Владимирский потребовал срочно вести его в кабинет барина. Когда лакей хотел постучать в дверь, жандарм резко отпихнул его и сам заскочил в кабинет. Это была большая комната со старыми портретами на стенах, где лицом к ним за резным, дубовым, письменным столом, сидел импозантный**** гвардейский полковник, с обильно посеребрёнными висками и засунутым в рот стволом револьвера.

– Сергей Георгиевич! – Заорал Владимирский врываясь в кабинет:

– Простите за нетактичность! Поверьте, я вас долго не задержу. – Жандарм размахивая руками стремительно приближается к гвардейцу: – Буквально пару слов.

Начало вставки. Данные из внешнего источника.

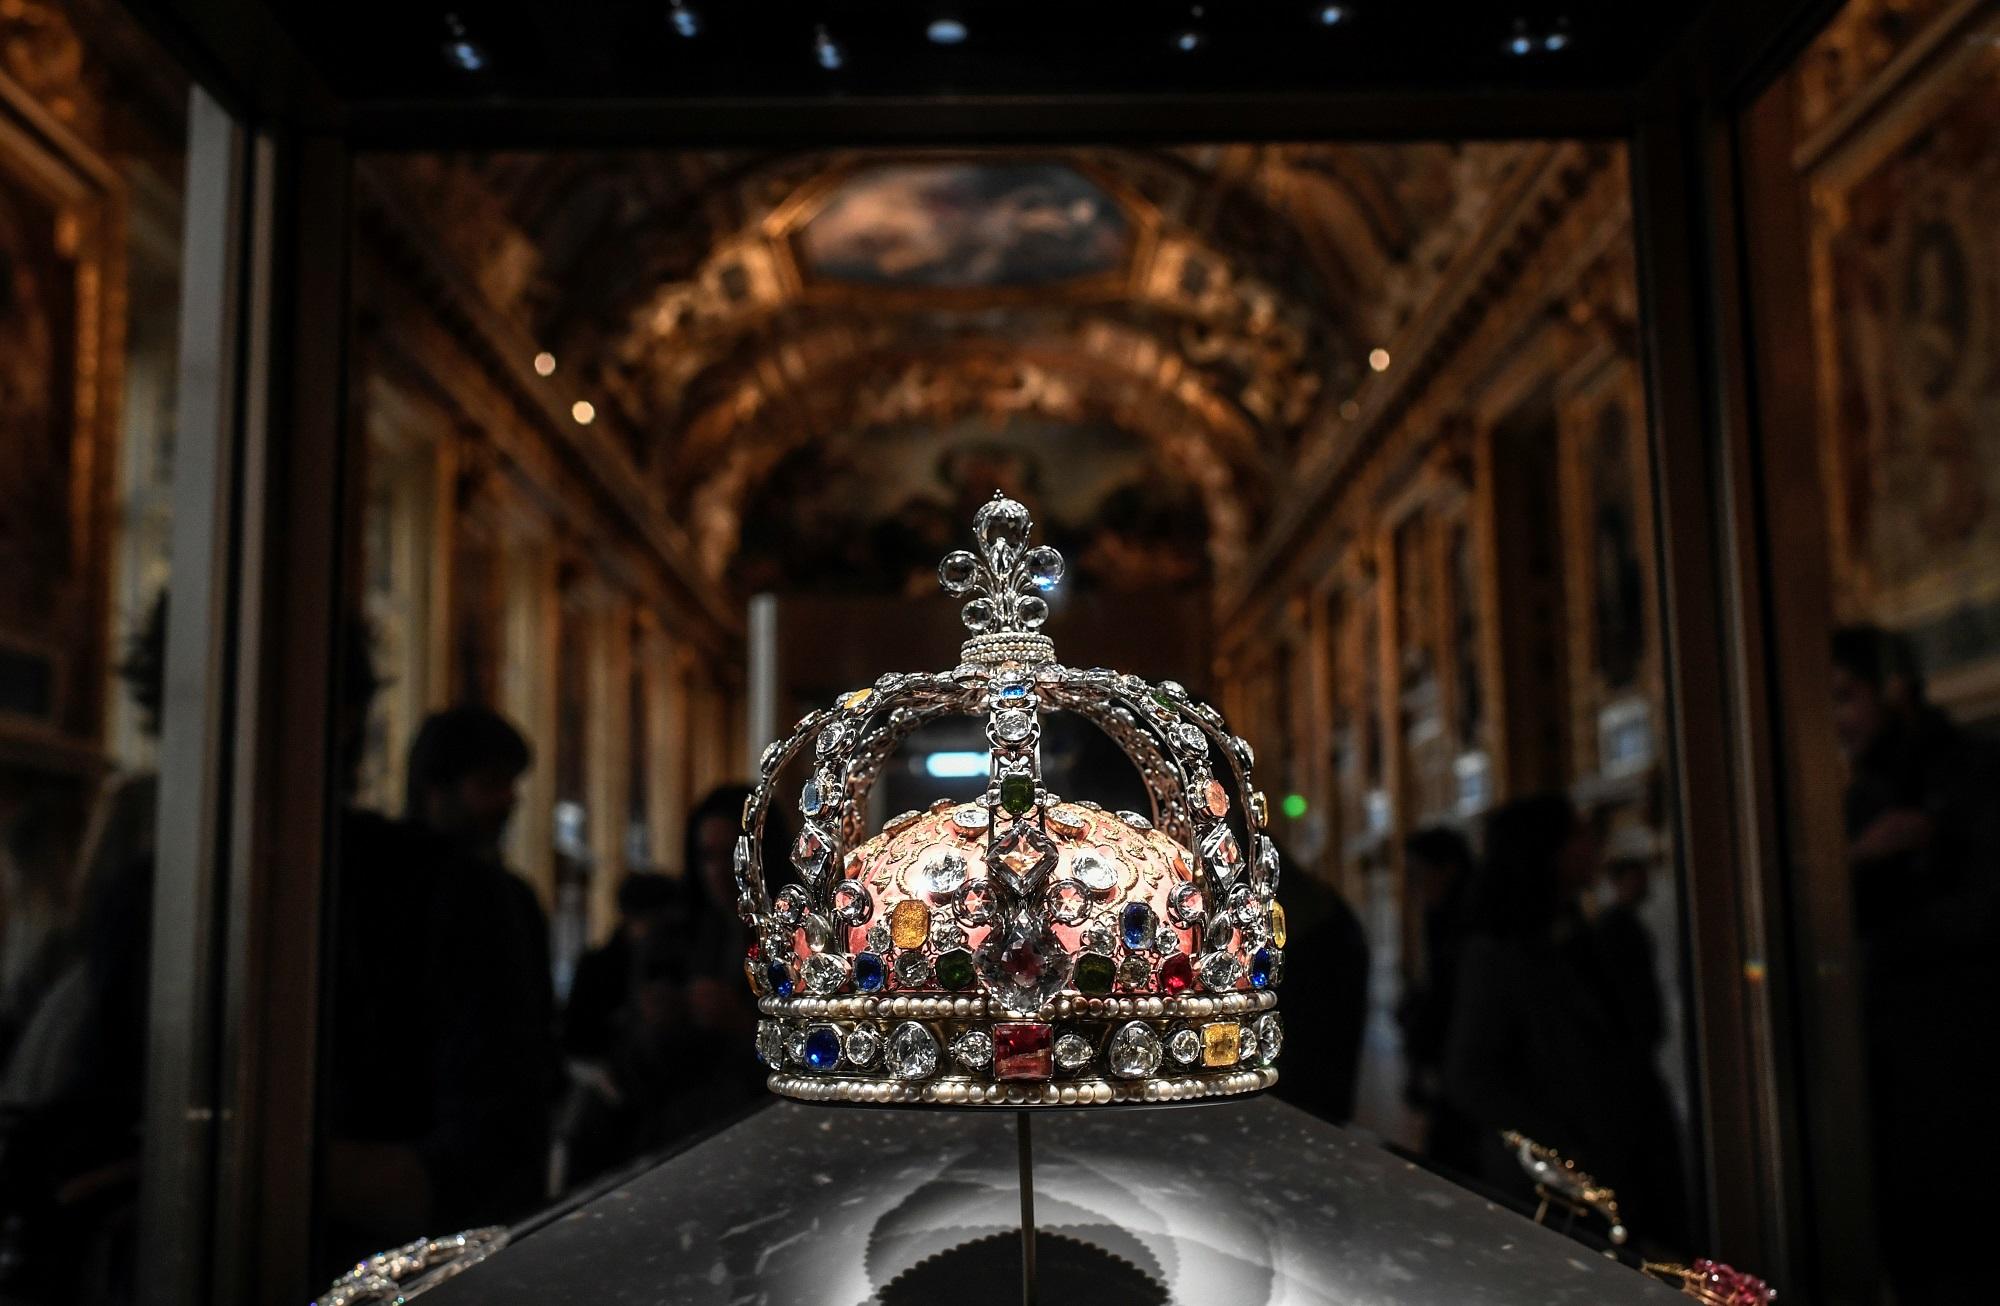 تاج الملك لويس الخامس عشر المعروض في متحف اللوفر في باريس.  14 كانون أول/ يناير 2020. ستيفان دي ساكوتين/ أ ف ب

От такой неожиданности полковник даже поперхнулся, лязгнув зубами о ствол револьвера:

– Ну это свинство, вы что все охренели, чуть, чуть не подавился… – И гвардеец пьяно уставился на свой револьвер в руке. И вдруг, он с гневом обратился к своему лакею: – Ты что же это, старый дуралей, я же велел чтоб никого, а ты скотина орангутангом сел на ветку, и лицезришь вместо службы. Да я тебя в бараний рог, иль пристрелю скотину! – Полковник стал метить из револьвера в своего слугу, который с рыданием бухнувшись на колени, стал жалобно вещать:

– Они, отец родной Сергей Григорьевич, из жандармерии, господин Владимирский, по вашу душу, как же здесь не пустишь, тем более вы такое удумали, это зачем же?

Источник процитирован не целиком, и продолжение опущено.